# RS-97 Custom Firmware



## Alex4 (Mar 25, 2019)

Hello all, just bought a RetroGame RS-97 from Aliexpress, and wanted to know if someone can give me a guide for installing OpenDingux. The only tutorials I could find were for Windows, and I only have a Mac. Also i could not seem to find any OpenDingux files, and the ones that I kinda did, had .bat on them and I know Mac's can't run .bat.
My Board's revision is V2.1 2017.1.4 
thanks


----------



## Alex4 (Mar 29, 2019)

PLEASE SOMEONE?!


----------



## Hayato213 (Mar 29, 2019)

Alex4 said:


> PLEASE SOMEONE?!



Don't bump your thread, it is not allowed on the forum if someone knows the answer they would reply.


----------



## Stwert (Mar 30, 2019)

First of all go HERE and you'll get links to the firmware, make sure to check the version of your motherboard first. It also tells you how to check on that page, but basically it's removing the battery cover and battery.

Though as you have a 2.1 board, this firmware supports all board revisions except for the Plus boards.

Once you've done that and downloaded the correct firmware, unzip it to your hard drive.
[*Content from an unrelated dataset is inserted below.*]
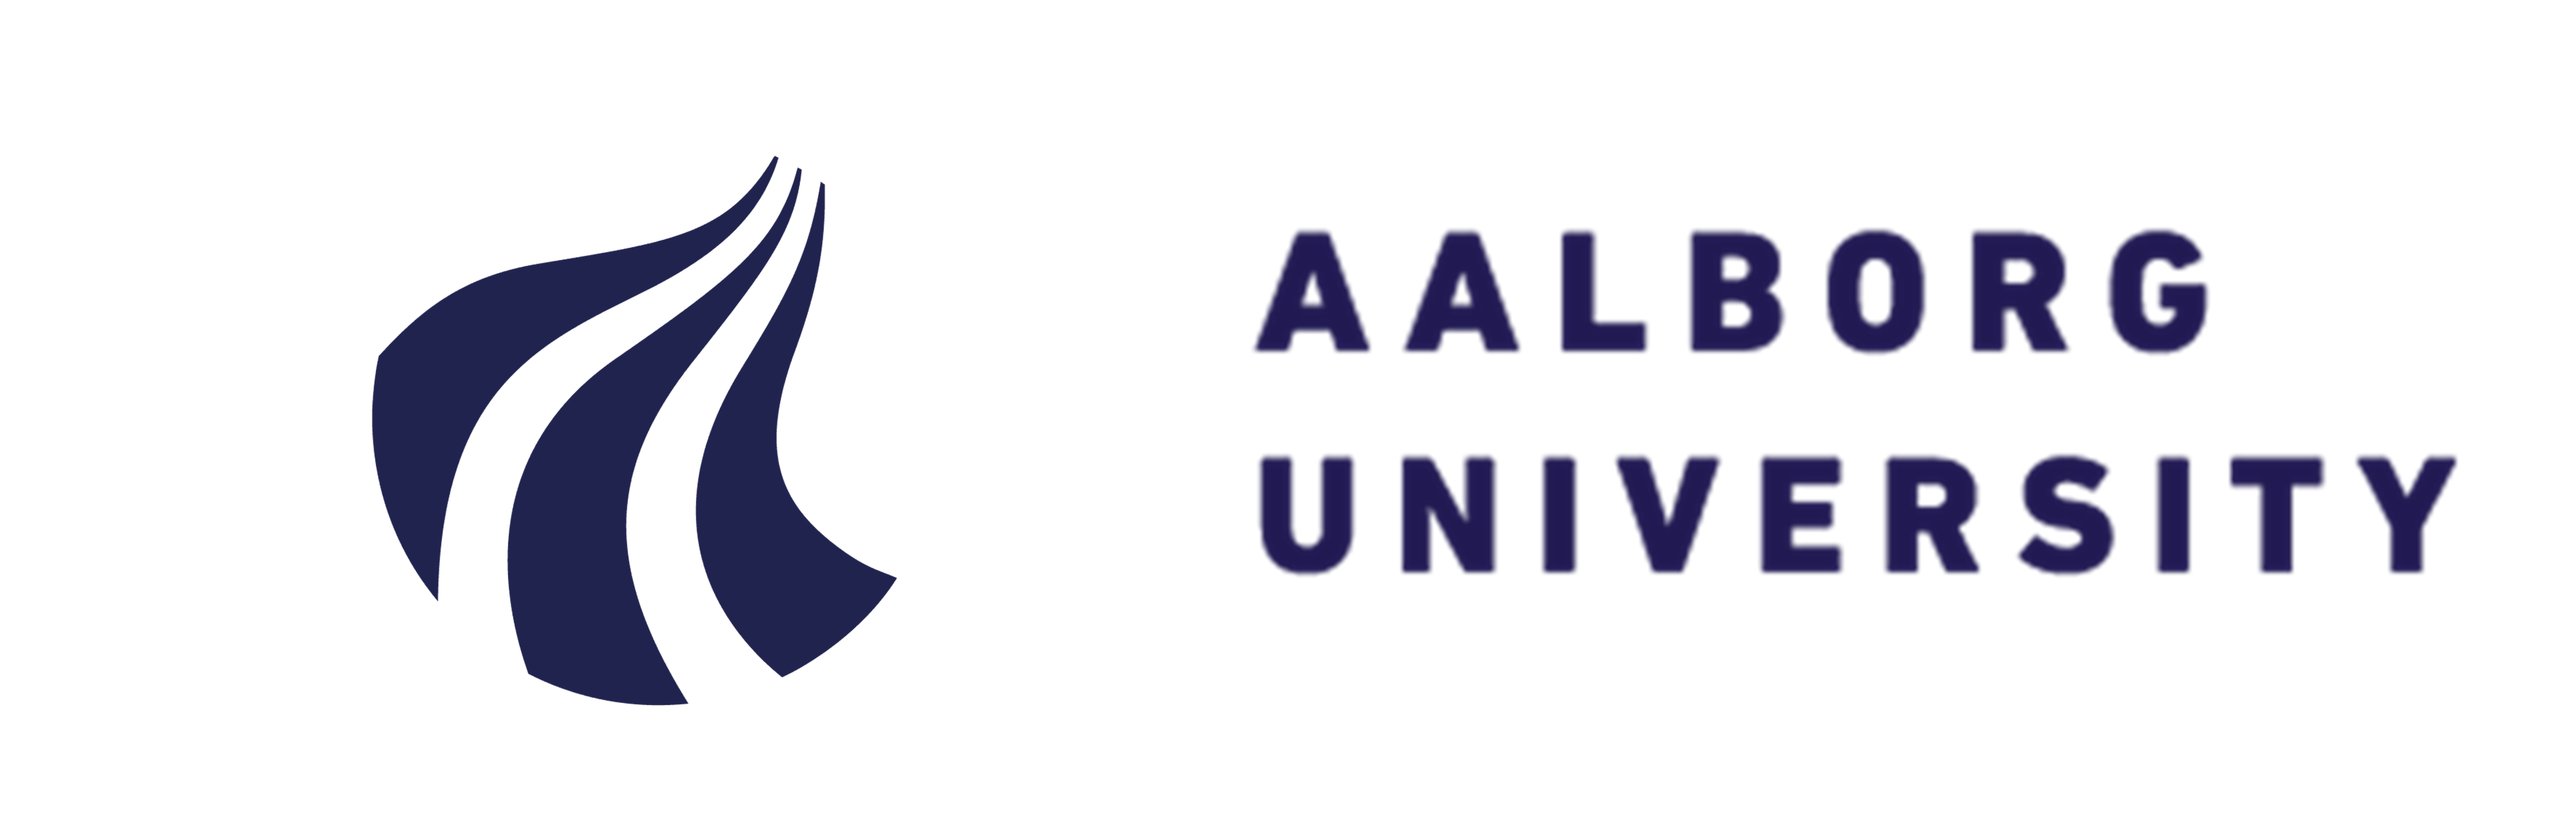 Aalborg Logo Def

No. matter what other files there are there will be one called RetroFW.img or something similar, the .img part is the giveaway.

Download Etcher for your Mac from HERE  and drag it to your Applications folder.

Insert the Micro SD card you want to use into your Mac and launch Etcher.

Now drag the RetroFW.img onto Etcher and click on Select Drive.

Make sure you select your Micro SD card or you'll f*ck something up, be very careful here.

Now just click on Flash and wait for it to finish.

Remove the Micro SD card, put it in your RS-97, switch it on and wait for it to finish it's setup routine. It will probably restart when it's finished.

Once it reboots there will probably only be two icons (maybe not, depends on the FW you chose) but if there is, head on over to this Github Page (same as the firmware one I linked) and scroll down until you see the emulators.... pick whichever ones you want and transfer them to your Micro SD card.

Use the Explorer app on the RS-97 to install the emulators and you're good to go.


Think that about covers it.


----------